NVIDIA-NeMo · erastorgueva-nv · Mar 11, 2026 · Mar 12, 2026 · Mar 12, 2026 · Mar 13, 2026
diff --git a/docs/source/speechlm2/intro.rst b/docs/source/speechlm2/intro.rst
@@ -246,7 +246,35 @@ You can evaluate and run full-duplex inference using the `NemotronVoiceChat` pip
 
     print(f"Agent response: {generated_text}")

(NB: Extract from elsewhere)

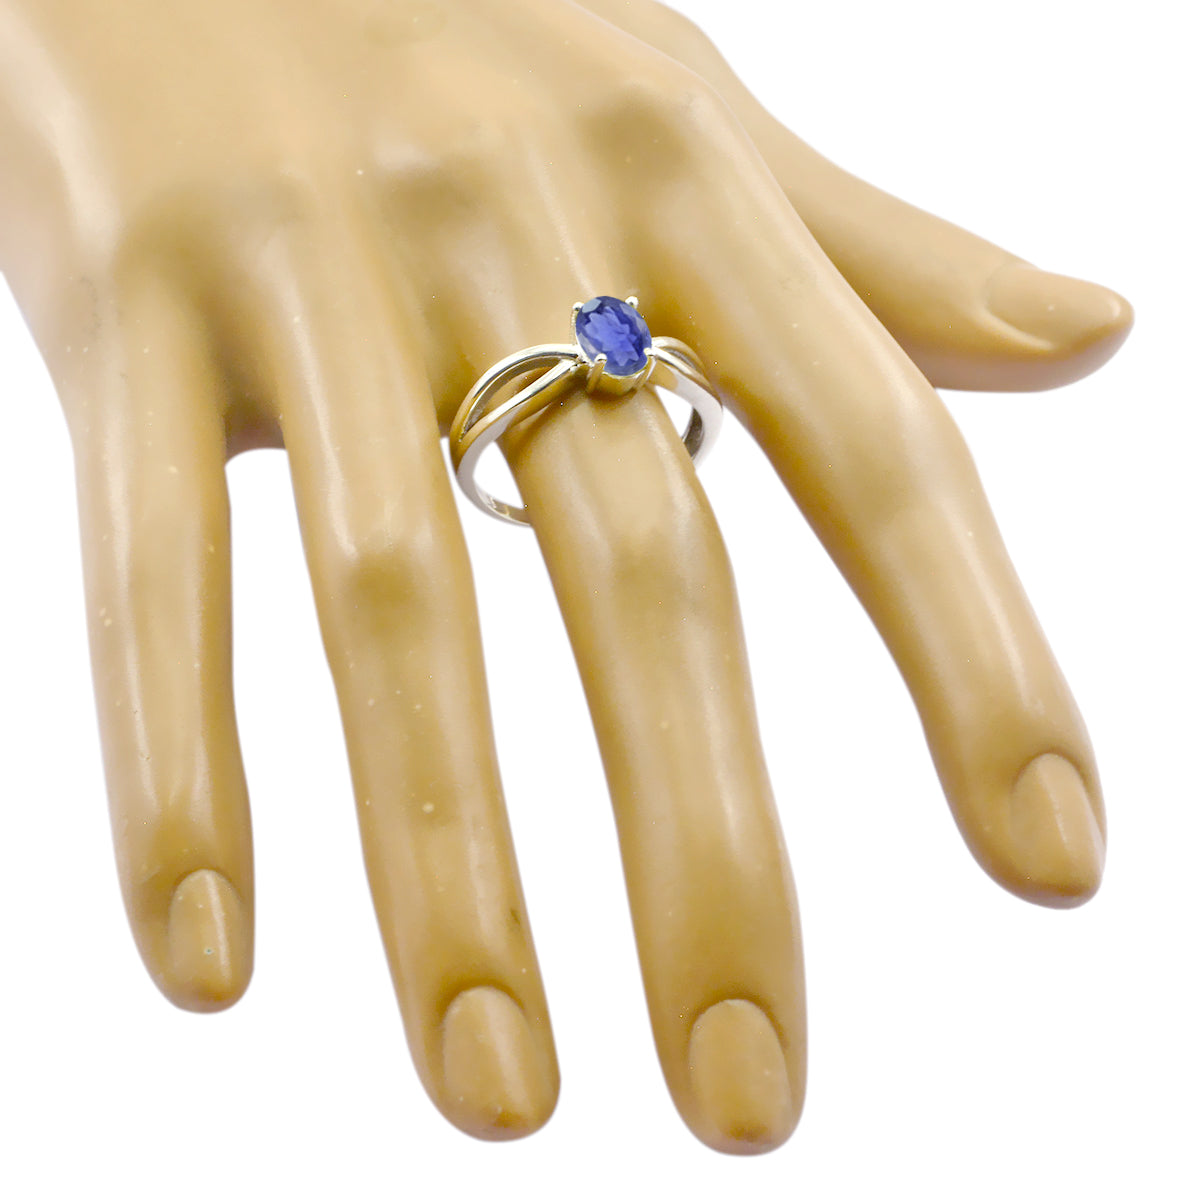 Riyo Fair Gemstone Iolite 925 Sterling Silver Ring Ladies Jewelry

     # generated_speech can now be saved or played (sampled at model.target_sample_rate)
-
+
+NemotronVoiceChat Streaming Inference
+*************************************
+
+For real-time, chunk-by-chunk inference (as opposed to the offline mode shown
+above), use the Streaming S2S Pipeline:
+
+.. code-block:: python
+
+    from nemo.collections.speechlm2.inference import S2SPipelineBuilder
+
+    pipeline = S2SPipelineBuilder.build_pipeline(cfg)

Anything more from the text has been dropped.